Exercise
Please print every record below exactly as it reads.

********

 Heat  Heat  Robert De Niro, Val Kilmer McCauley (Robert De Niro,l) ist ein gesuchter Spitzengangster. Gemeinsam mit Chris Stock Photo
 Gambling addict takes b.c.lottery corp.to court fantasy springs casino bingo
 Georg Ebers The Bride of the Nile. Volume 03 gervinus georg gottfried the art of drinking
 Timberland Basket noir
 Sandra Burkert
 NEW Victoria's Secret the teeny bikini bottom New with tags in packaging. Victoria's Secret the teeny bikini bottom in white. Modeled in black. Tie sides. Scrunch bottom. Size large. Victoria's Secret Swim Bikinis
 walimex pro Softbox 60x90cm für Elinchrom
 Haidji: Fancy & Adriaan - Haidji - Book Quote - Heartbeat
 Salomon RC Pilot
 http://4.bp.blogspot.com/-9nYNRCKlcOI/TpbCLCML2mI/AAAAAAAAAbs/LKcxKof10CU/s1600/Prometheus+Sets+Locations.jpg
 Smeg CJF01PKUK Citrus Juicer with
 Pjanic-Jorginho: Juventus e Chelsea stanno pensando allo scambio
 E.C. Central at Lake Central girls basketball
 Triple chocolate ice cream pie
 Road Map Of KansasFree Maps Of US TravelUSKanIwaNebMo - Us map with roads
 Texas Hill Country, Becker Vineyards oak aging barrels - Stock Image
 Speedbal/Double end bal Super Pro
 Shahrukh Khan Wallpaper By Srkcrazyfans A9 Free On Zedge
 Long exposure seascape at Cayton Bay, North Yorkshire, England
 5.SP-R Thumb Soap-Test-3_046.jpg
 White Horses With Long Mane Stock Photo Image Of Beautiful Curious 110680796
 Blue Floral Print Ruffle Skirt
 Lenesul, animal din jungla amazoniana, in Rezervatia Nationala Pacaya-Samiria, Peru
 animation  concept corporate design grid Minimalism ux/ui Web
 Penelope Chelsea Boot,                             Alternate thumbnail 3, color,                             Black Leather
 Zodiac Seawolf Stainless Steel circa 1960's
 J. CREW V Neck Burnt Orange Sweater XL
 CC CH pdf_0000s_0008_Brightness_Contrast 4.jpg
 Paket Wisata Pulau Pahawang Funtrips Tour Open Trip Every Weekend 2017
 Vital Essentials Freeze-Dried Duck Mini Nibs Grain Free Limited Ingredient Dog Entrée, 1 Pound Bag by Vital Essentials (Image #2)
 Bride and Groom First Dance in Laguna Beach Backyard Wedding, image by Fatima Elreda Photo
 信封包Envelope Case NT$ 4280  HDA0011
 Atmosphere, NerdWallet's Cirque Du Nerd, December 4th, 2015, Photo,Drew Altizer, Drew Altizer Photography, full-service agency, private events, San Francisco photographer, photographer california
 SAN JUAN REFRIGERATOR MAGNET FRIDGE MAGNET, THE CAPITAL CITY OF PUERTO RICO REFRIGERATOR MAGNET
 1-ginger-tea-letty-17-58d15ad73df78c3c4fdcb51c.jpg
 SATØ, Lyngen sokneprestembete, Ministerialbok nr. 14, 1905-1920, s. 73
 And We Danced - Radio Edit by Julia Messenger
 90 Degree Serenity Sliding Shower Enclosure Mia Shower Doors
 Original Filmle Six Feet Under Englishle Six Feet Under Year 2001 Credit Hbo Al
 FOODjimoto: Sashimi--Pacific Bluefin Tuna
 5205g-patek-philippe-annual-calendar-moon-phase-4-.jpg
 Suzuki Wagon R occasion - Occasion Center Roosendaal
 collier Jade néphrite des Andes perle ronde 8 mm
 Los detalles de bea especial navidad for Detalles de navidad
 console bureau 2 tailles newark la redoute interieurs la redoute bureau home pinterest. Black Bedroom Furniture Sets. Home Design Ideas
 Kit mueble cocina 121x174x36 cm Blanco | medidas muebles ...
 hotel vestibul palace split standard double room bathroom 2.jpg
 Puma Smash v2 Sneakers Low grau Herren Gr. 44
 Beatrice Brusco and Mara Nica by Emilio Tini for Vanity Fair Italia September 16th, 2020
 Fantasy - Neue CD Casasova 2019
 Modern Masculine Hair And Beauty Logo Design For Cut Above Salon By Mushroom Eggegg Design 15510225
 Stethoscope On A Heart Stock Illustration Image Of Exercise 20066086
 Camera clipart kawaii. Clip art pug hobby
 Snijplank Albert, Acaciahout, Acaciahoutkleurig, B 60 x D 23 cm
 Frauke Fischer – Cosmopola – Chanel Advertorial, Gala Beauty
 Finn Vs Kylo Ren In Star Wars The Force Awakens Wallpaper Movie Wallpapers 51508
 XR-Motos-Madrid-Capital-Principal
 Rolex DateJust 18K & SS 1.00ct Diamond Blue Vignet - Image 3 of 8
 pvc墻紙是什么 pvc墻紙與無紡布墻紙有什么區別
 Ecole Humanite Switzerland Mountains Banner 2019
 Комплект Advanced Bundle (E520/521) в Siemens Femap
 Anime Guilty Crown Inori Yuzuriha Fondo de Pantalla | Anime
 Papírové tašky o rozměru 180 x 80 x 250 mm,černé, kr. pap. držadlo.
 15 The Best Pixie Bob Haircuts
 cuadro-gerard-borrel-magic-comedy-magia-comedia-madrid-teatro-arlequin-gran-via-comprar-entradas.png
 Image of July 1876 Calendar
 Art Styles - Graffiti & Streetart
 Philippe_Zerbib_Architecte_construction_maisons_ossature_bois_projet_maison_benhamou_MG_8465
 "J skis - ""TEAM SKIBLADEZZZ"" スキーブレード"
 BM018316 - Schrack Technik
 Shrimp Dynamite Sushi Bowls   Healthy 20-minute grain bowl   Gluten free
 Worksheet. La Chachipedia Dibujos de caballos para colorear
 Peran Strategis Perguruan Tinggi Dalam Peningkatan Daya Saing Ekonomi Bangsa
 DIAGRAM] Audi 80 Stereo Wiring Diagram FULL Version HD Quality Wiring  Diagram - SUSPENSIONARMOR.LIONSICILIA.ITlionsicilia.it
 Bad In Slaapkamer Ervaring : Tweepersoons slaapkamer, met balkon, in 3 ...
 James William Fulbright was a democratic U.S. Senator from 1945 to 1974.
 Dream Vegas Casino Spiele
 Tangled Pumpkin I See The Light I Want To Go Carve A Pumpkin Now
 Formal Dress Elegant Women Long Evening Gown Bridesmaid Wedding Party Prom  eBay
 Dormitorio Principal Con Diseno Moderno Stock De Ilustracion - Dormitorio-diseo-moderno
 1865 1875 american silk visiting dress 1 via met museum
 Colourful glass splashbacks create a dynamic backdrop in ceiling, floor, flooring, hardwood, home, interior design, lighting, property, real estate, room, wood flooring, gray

********

Exercise response
 Heat  Heat  Robert De Niro, Val Kilmer McCauley (Robert De Niro,l) ist ein gesuchter Spitzengangster. Gemeinsam mit Chris Stock Photo
 Gambling addict takes b.c.lottery corp.to court fantasy springs casino bingo
 Georg Ebers The Bride of the Nile. Volume 03 gervinus georg gottfried the art of drinking
 Timberland Basket noir
 Sandra Burkert
 NEW Victoria's Secret the teeny bikini bottom New with tags in packaging. Victoria's Secret the teeny bikini bottom in white. Modeled in black. Tie sides. Scrunch bottom. Size large. Victoria's Secret Swim Bikinis
 walimex pro Softbox 60x90cm für Elinchrom
 Haidji: Fancy & Adriaan - Haidji - Book Quote - Heartbeat
 Salomon RC Pilot
 http://4.bp.blogspot.com/-9nYNRCKlcOI/TpbCLCML2mI/AAAAAAAAAbs/LKcxKof10CU/s1600/Prometheus+Sets+Locations.jpg
 Smeg CJF01PKUK Citrus Juicer with
 Pjanic-Jorginho: Juventus e Chelsea stanno pensando allo scambio
 E.C. Central at Lake Central girls basketball
 Triple chocolate ice cream pie
 Road Map Of KansasFree Maps Of US TravelUSKanIwaNebMo - Us map with roads
 Texas Hill Country, Becker Vineyards oak aging barrels - Stock Image
 Speedbal/Double end bal Super Pro
 Shahrukh Khan Wallpaper By Srkcrazyfans A9 Free On Zedge
 Long exposure seascape at Cayton Bay, North Yorkshire, England
 5.SP-R Thumb Soap-Test-3_046.jpg
 White Horses With Long Mane Stock Photo Image Of Beautiful Curious 110680796
 Blue Floral Print Ruffle Skirt
 Lenesul, animal din jungla amazoniana, in Rezervatia Nationala Pacaya-Samiria, Peru
 animation  concept corporate design grid Minimalism ux/ui Web
 Penelope Chelsea Boot,                             Alternate thumbnail 3, color,                             Black Leather
 Zodiac Seawolf Stainless Steel circa 1960's
 J. CREW V Neck Burnt Orange Sweater XL
 CC CH pdf_0000s_0008_Brightness_Contrast 4.jpg
 Paket Wisata Pulau Pahawang Funtrips Tour Open Trip Every Weekend 2017
 Vital Essentials Freeze-Dried Duck Mini Nibs Grain Free Limited Ingredient Dog Entrée, 1 Pound Bag by Vital Essentials (Image #2)
 Bride and Groom First Dance in Laguna Beach Backyard Wedding, image by Fatima Elreda Photo
 信封包Envelope Case NT$ 4280  HDA0011
 Atmosphere, NerdWallet's Cirque Du Nerd, December 4th, 2015, Photo,Drew Altizer, Drew Altizer Photography, full-service agency, private events, San Francisco photographer, photographer california
 SAN JUAN REFRIGERATOR MAGNET FRIDGE MAGNET, THE CAPITAL CITY OF PUERTO RICO REFRIGERATOR MAGNET
 1-ginger-tea-letty-17-58d15ad73df78c3c4fdcb51c.jpg
 SATØ, Lyngen sokneprestembete, Ministerialbok nr. 14, 1905-1920, s. 73
 And We Danced - Radio Edit by Julia Messenger
 90 Degree Serenity Sliding Shower Enclosure Mia Shower Doors
 Original Filmle Six Feet Under Englishle Six Feet Under Year 2001 Credit Hbo Al
 FOODjimoto: Sashimi--Pacific Bluefin Tuna
 5205g-patek-philippe-annual-calendar-moon-phase-4-.jpg
 Suzuki Wagon R occasion - Occasion Center Roosendaal
 collier Jade néphrite des Andes perle ronde 8 mm
 Los detalles de bea especial navidad for Detalles de navidad
 console bureau 2 tailles newark la redoute interieurs la redoute bureau home pinterest. Black Bedroom Furniture Sets. Home Design Ideas
 Kit mueble cocina 121x174x36 cm Blanco | medidas muebles ...
 hotel vestibul palace split standard double room bathroom 2.jpg
 Puma Smash v2 Sneakers Low grau Herren Gr. 44
 Beatrice Brusco and Mara Nica by Emilio Tini for Vanity Fair Italia September 16th, 2020
 Fantasy - Neue CD Casasova 2019
 Modern Masculine Hair And Beauty Logo Design For Cut Above Salon By Mushroom Eggegg Design 15510225
 Stethoscope On A Heart Stock Illustration Image Of Exercise 20066086
 Camera clipart kawaii. Clip art pug hobby
 Snijplank Albert, Acaciahout, Acaciahoutkleurig, B 60 x D 23 cm
 Frauke Fischer – Cosmopola – Chanel Advertorial, Gala Beauty
 Finn Vs Kylo Ren In Star Wars The Force Awakens Wallpaper Movie Wallpapers 51508
 XR-Motos-Madrid-Capital-Principal
 Rolex DateJust 18K & SS 1.00ct Diamond Blue Vignet - Image 3 of 8
 pvc墻紙是什么 pvc墻紙與無紡布墻紙有什么區別
 Ecole Humanite Switzerland Mountains Banner 2019
 Комплект Advanced Bundle (E520/521) в Siemens Femap
 Anime Guilty Crown Inori Yuzuriha Fondo de Pantalla | Anime
 Papírové tašky o rozměru 180 x 80 x 250 mm,černé, kr. pap. držadlo.
 15 The Best Pixie Bob Haircuts
 cuadro-gerard-borrel-magic-comedy-magia-comedia-madrid-teatro-arlequin-gran-via-comprar-entradas.png
 Image of July 1876 Calendar
 Art Styles - Graffiti & Streetart
 Philippe_Zerbib_Architecte_construction_maisons_ossature_bois_projet_maison_benhamou_MG_8465
 "J skis - ""TEAM SKIBLADEZZZ"" スキーブレード"
 BM018316 - Schrack Technik
 Shrimp Dynamite Sushi Bowls   Healthy 20-minute grain bowl   Gluten free
 Worksheet. La Chachipedia Dibujos de caballos para colorear
 Peran Strategis Perguruan Tinggi Dalam Peningkatan Daya Saing Ekonomi Bangsa
 DIAGRAM] Audi 80 Stereo Wiring Diagram FULL Version HD Quality Wiring  Diagram - SUSPENSIONARMOR.LIONSICILIA.ITlionsicilia.it
 Bad In Slaapkamer Ervaring : Tweepersoons slaapkamer, met balkon, in 3 ...
 James William Fulbright was a democratic U.S. Senator from 1945 to 1974.
 Dream Vegas Casino Spiele
 Tangled Pumpkin I See The Light I Want To Go Carve A Pumpkin Now
 Formal Dress Elegant Women Long Evening Gown Bridesmaid Wedding Party Prom  eBay
 Dormitorio Principal Con Diseno Moderno Stock De Ilustracion - Dormitorio-diseo-moderno
 1865 1875 american silk visiting dress 1 via met museum
 Colourful glass splashbacks create a dynamic backdrop in ceiling, floor, flooring, hardwood, home, interior design, lighting, property, real estate, room, wood flooring, gray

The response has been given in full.